Friday, July 1, 2011

Sentimentality...

I can't really describe the feeling of listening to an old album that has been collecting dust (metaphorically, since all of my cds are on my computer). It is like rekindling an old friendship--the friend never left you, you knew that they were always there to support you, but because of time or change or what-have-you, you lost touch. Coming back together is a flood of emotions and feelings that you had forgotten about. Sometimes this reunion is bittersweet, conjuring up memories from the past that you had wished to forget, while other times it just brings the simplest smile to your face.

I also love that, no matter how much time has passed, you still know all the lyrics to all the songs on said album. And each song holds special meaning. It is the small things in life that truly remind me of how wonderful life is. And how life without music or art or more aptly put, beauty, however you define that, is simply not worth tolerating.

Anyway, today, while perusing through my iPod looking for a suitable cd to listen to while I read my book, I came across Natalie Merchant's "Tigerlily."



I have not listened to this album in its entirety, I am guessing, since I was in junior high going through that whole Lilith Fair phase. (Who am I kidding, I am still IN the Lilith Fair stage, though I believe everyone else refers to this as "lesbian rock" and the artists have changed over time, but whatever). Thinking that this overcast day was the perfect opportunity to reunite with Ms. Merchant, I have now listened to the cd well over three times. And I remember every single word to every single song. And it brought back such a flood of sentimental memories, I had to go for a walk to sort of rehash through some things.

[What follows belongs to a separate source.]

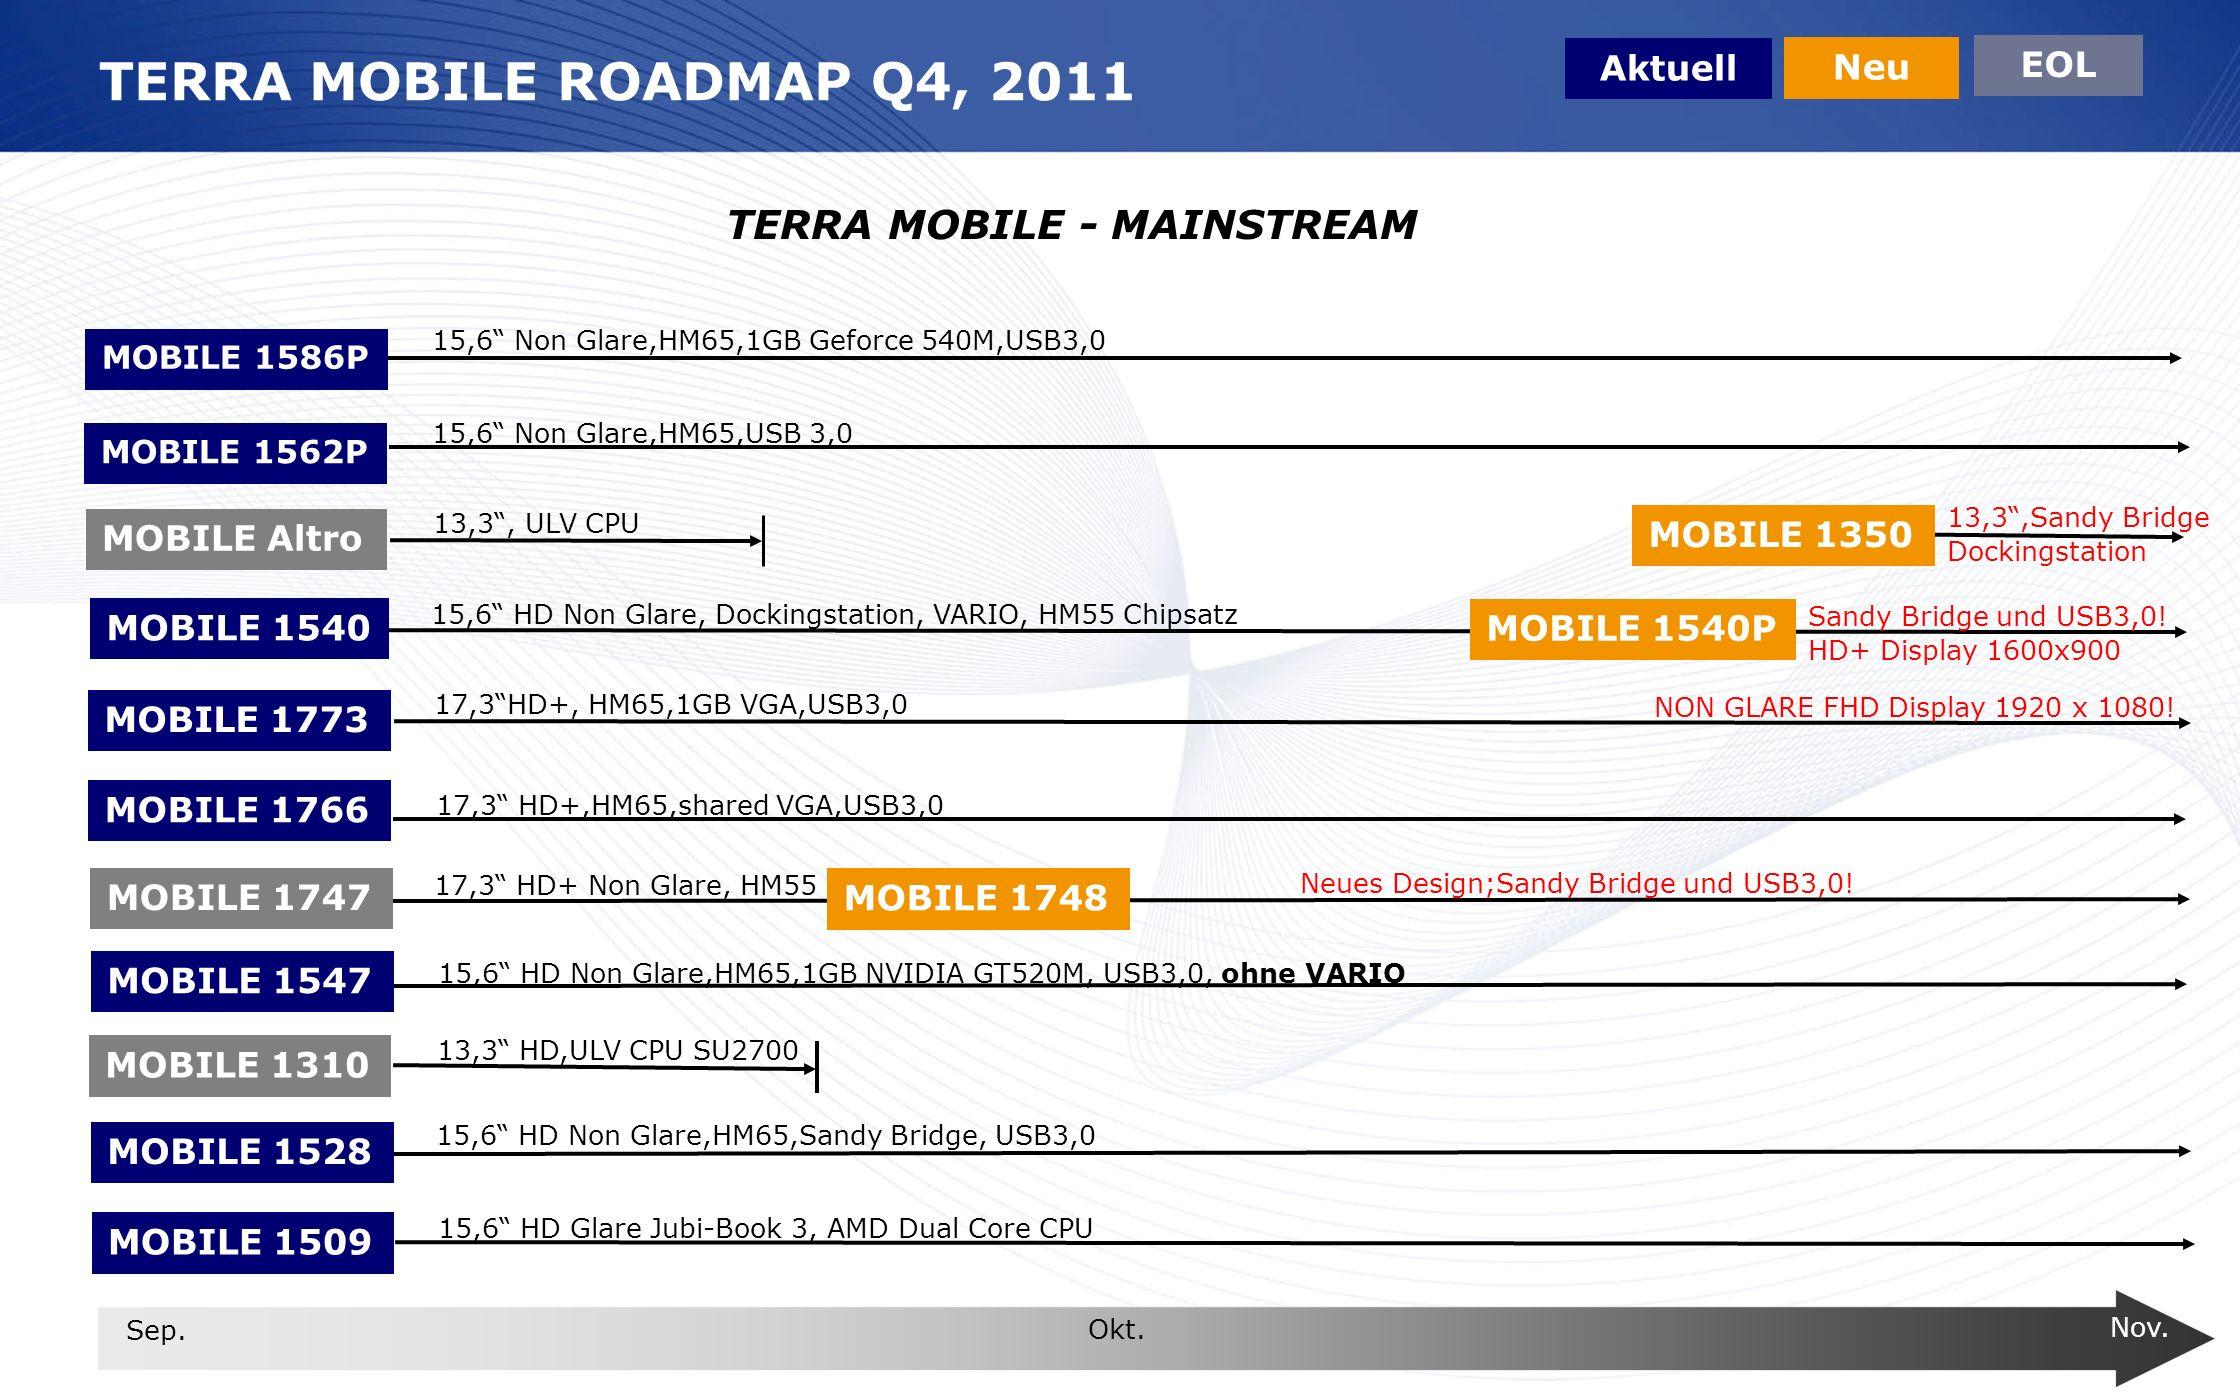 www.wortmann.de TERRA MOBILE ROADMAP Q4, 2011 MOBILE Altro MOBILE 1310 Aktuell Neu EOL 13,3, ULV CPU 13,3 HD,ULV CPU SU2700 MOBILE 1540 MOBILE 1766 MO

This cd reminds me of the Idaho mountains in winter. Not just the mountains themselves, but the smell, the feel, the taste, everything. And this is one of the things I miss most about Idaho when I am away for a long time. It is just a feeling. I think anywhere you grow up and have distinct memories of will elicit this sort of gut-wrenching yearning to be back in that place. Walking through the trees and knee-deep snow in the dead of winter, smelling fires burning, people making hot chocolate, the sound of the wind in the bare trees. The nights when the snow just falls perfectly under lights and there are no cars on the road. Everything seems so peaceful and so right (right up until you have to wake up the next morning and drive to work in "winter conditions," at which point my happy, little meditation state is replaced by me screaming at 2C drivers on the connector).